Toyota's first female executive lasts just 90 days in the job

Julie Hamp speaking to the media during a news conference in Nagoya on June 17. PHOTO: REUTERS

TOKYO (BLOOMBERG) - Toyota Motor's first female executive lasted just 90 days in the job, resigning two weeks after a drug-related arrest and dealing a setback to President Akio Toyoda's efforts to diversify management ranks.

Julie Hamp, 55, Toyota's chief communications officer and one of the company's highest-ranking non-Japanese executives, gave notice of her resignation Tuesday. Toyota said a day later that it accepted the resignation, citing the concerns and inconvenience raised by her June 18 arrest for allegedly importing prescription painkillers that require prior permission before they can be brought into Japan.

The resignation of Hamp, an American, is a blow to Toyota's drive to make management ranks more international and accepting of female executives.
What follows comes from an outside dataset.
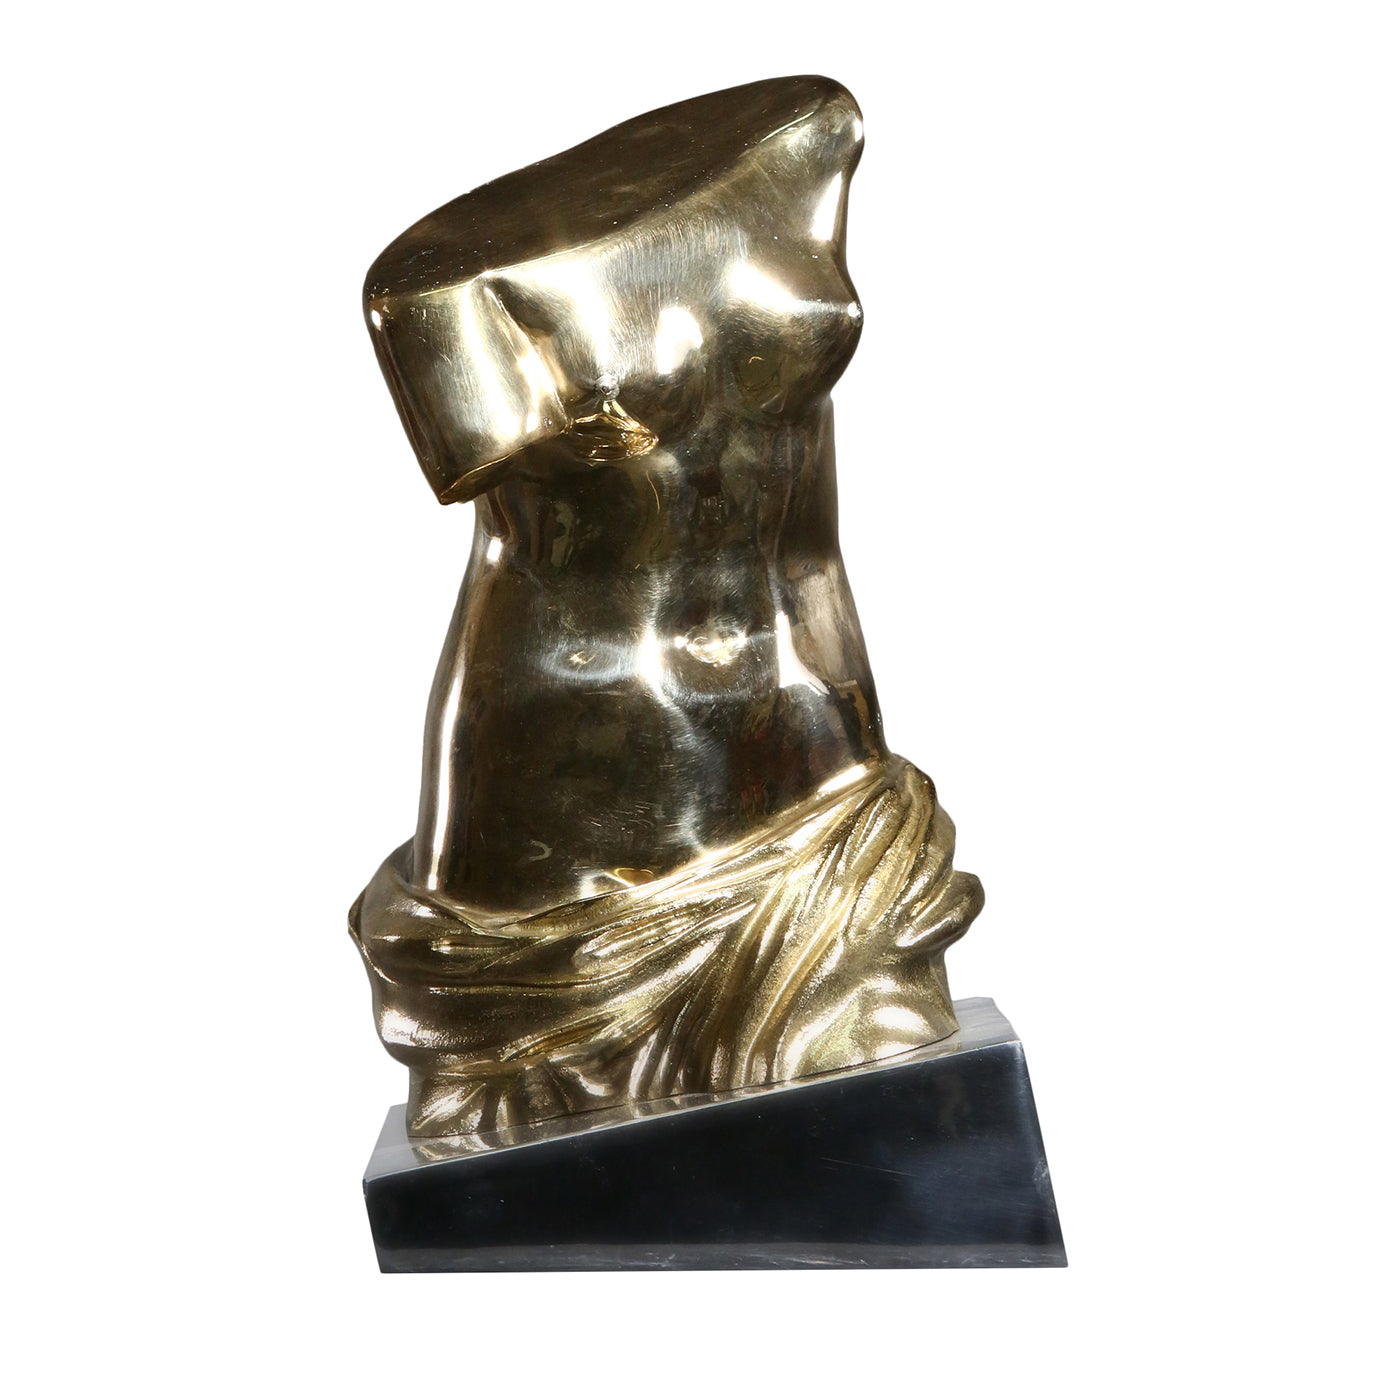 Dorso Venere di Milo moderno bronze Statuette - Main view

It also deals a high-profile setback to Prime Minister Shinzo Abe, who has made empowering women a priority to help modernize and jumpstart the nation's economy, including calling on Japan Inc. to have women in 30 per cent of leadership roles by the end of the decade.
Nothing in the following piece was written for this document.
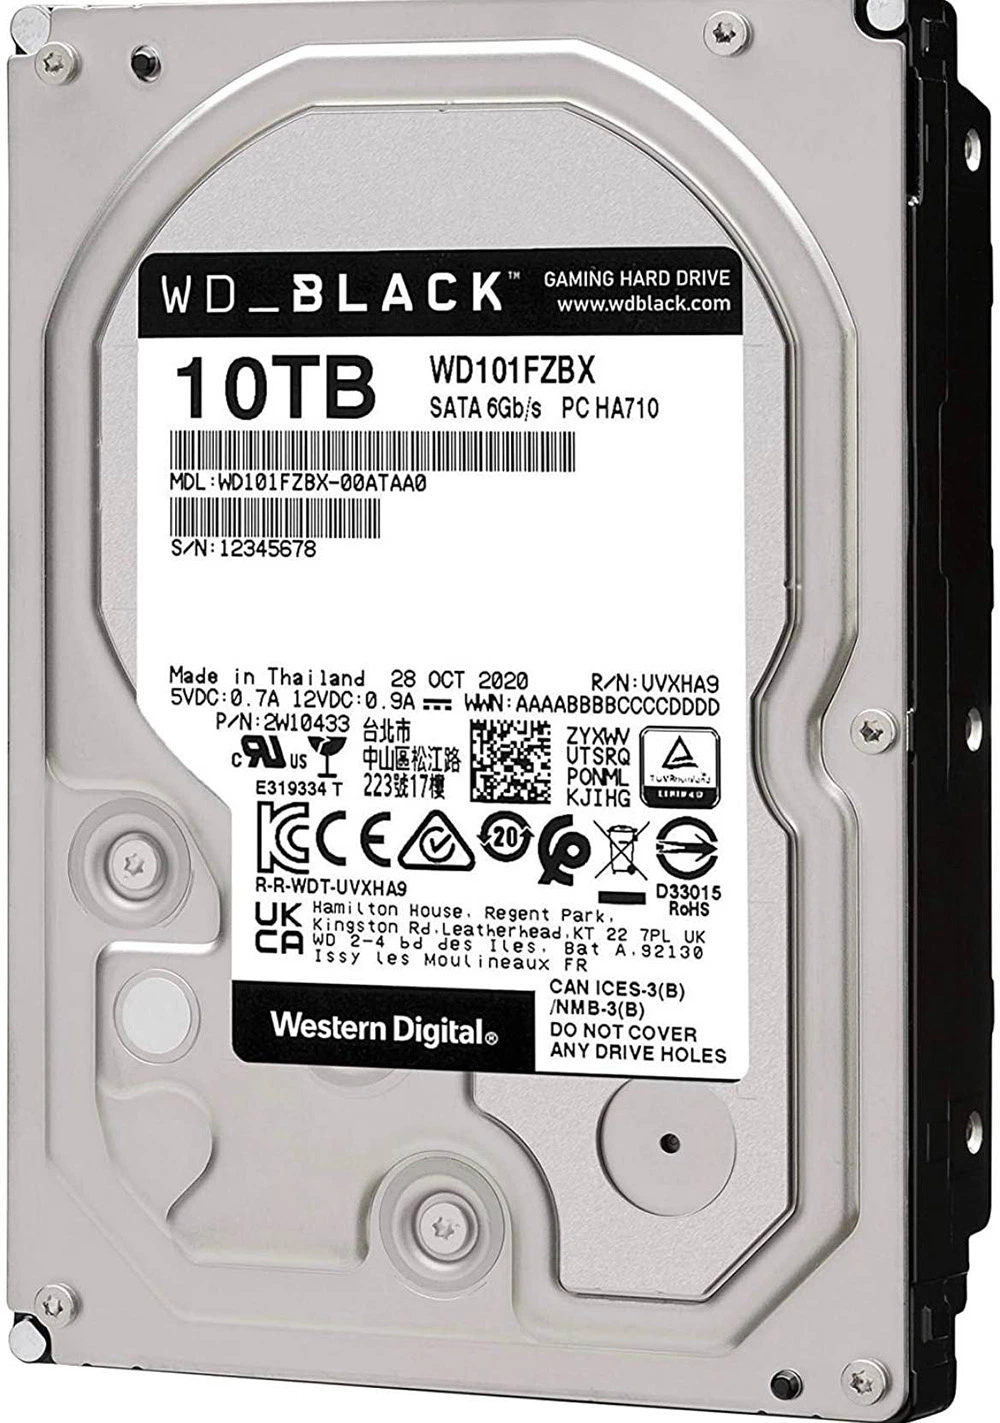 قرص صلب Western Digital Black Disk سعة 10 تيرابايت بسرعة 7200 دورة/ق محرك أقراص ثابتة بسرعة 6 جيجابت/ثانية بسرعة 256 م (WD101FZBX) ومحرك أقراص ثابتة/محرك أقراص ثابتة Wd

"Japan Inc. will suffer from this," Jeff Kingston, professor of Asian Studies at Temple University's Japan campus in Tokyo, said by telephone. Hamp's treatment by the police and local media "sends a chilling message to other foreign managers who might be considering a posting to Japan."

From Toyota to Sony Corp., Japanese companies succeeded on the world stage through the 1990s despite maintaining an insular management culture dominated by lifelong company salarymen. That closed business model began to show cracks as the economy struggled through two decades of deflation, prompting calls for companies to hire and promote outsiders for diverse ideas and skills.

"You had a lot of groupthink where everybody thought the same, and in the past that was seen as a great thing for Japan," said Chris Rowley, professor of human resource management at Cass Business School in London and Griffith University in Australia. "Now, it's seen as not such a good thing. You don't get a diversity of opinions when everyone goes along."

Toyoda called a press conference one day after Hamp's arrest to say he was confident she hadn't intentionally broken Japanese law. The company had pointed to her appointment as evidence that it was diversifying executive ranks, made up predominantly of Japanese men.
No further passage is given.